WORK INSTRUCTION —
Among the entries below, one line contains "El viejo se" and another contains "Giuseppina Rachele Mezzacappa". Transcribe those two lines and every line between them, exactly.

EXCERPTED RECORDS —
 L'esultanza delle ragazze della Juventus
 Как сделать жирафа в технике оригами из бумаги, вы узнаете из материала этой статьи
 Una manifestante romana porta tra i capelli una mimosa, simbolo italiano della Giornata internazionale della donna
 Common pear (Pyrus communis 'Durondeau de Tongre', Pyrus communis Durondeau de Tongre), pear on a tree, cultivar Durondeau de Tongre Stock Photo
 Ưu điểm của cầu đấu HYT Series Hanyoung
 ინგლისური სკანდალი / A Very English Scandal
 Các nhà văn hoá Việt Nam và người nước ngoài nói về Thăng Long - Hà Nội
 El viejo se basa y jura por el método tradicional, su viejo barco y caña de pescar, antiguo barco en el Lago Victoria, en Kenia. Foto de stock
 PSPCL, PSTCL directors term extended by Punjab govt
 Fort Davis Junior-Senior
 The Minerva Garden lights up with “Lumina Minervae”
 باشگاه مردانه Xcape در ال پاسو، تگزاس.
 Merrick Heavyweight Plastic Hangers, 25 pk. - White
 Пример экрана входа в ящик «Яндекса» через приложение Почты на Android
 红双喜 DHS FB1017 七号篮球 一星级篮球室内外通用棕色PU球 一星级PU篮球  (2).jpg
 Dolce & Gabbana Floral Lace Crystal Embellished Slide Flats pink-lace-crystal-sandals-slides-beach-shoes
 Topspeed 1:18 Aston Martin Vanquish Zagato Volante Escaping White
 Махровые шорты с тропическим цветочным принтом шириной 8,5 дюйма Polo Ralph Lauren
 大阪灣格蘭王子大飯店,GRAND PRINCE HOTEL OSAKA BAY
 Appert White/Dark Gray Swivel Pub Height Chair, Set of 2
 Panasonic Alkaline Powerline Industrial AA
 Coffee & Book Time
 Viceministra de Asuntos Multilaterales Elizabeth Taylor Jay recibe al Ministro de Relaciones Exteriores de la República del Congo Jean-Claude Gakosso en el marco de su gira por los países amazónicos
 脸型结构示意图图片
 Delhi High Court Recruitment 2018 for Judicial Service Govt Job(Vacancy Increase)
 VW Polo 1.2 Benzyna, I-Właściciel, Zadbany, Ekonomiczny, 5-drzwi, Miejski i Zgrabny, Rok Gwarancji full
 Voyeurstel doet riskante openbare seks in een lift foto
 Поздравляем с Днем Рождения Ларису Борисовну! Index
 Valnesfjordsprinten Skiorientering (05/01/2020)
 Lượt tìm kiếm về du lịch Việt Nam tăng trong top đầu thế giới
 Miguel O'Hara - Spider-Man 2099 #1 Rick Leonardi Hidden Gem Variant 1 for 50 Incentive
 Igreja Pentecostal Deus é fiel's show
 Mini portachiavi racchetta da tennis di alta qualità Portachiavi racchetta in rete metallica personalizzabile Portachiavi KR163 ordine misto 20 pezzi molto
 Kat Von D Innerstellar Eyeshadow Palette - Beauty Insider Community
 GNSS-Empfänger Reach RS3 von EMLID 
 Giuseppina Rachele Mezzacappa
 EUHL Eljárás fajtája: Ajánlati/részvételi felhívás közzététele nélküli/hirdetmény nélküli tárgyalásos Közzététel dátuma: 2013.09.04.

OUTPUT OF THE TASK —
 El viejo se basa y jura por el método tradicional, su viejo barco y caña de pescar, antiguo barco en el Lago Victoria, en Kenia. Foto de stock
 PSPCL, PSTCL directors term extended by Punjab govt
 Fort Davis Junior-Senior
 The Minerva Garden lights up with “Lumina Minervae”
 باشگاه مردانه Xcape در ال پاسو، تگزاس.
 Merrick Heavyweight Plastic Hangers, 25 pk. - White
 Пример экрана входа в ящик «Яндекса» через приложение Почты на Android
 红双喜 DHS FB1017 七号篮球 一星级篮球室内外通用棕色PU球 一星级PU篮球  (2).jpg
 Dolce & Gabbana Floral Lace Crystal Embellished Slide Flats pink-lace-crystal-sandals-slides-beach-shoes
 Topspeed 1:18 Aston Martin Vanquish Zagato Volante Escaping White
 Махровые шорты с тропическим цветочным принтом шириной 8,5 дюйма Polo Ralph Lauren
 大阪灣格蘭王子大飯店,GRAND PRINCE HOTEL OSAKA BAY
 Appert White/Dark Gray Swivel Pub Height Chair, Set of 2
 Panasonic Alkaline Powerline Industrial AA
 Coffee & Book Time
 Viceministra de Asuntos Multilaterales Elizabeth Taylor Jay recibe al Ministro de Relaciones Exteriores de la República del Congo Jean-Claude Gakosso en el marco de su gira por los países amazónicos
 脸型结构示意图图片
 Delhi High Court Recruitment 2018 for Judicial Service Govt Job(Vacancy Increase)
 VW Polo 1.2 Benzyna, I-Właściciel, Zadbany, Ekonomiczny, 5-drzwi, Miejski i Zgrabny, Rok Gwarancji full
 Voyeurstel doet riskante openbare seks in een lift foto
 Поздравляем с Днем Рождения Ларису Борисовну! Index
 Valnesfjordsprinten Skiorientering (05/01/2020)
 Lượt tìm kiếm về du lịch Việt Nam tăng trong top đầu thế giới
 Miguel O'Hara - Spider-Man 2099 #1 Rick Leonardi Hidden Gem Variant 1 for 50 Incentive
 Igreja Pentecostal Deus é fiel's show
 Mini portachiavi racchetta da tennis di alta qualità Portachiavi racchetta in rete metallica personalizzabile Portachiavi KR163 ordine misto 20 pezzi molto
 Kat Von D Innerstellar Eyeshadow Palette - Beauty Insider Community
 GNSS-Empfänger Reach RS3 von EMLID 
 Giuseppina Rachele Mezzacappa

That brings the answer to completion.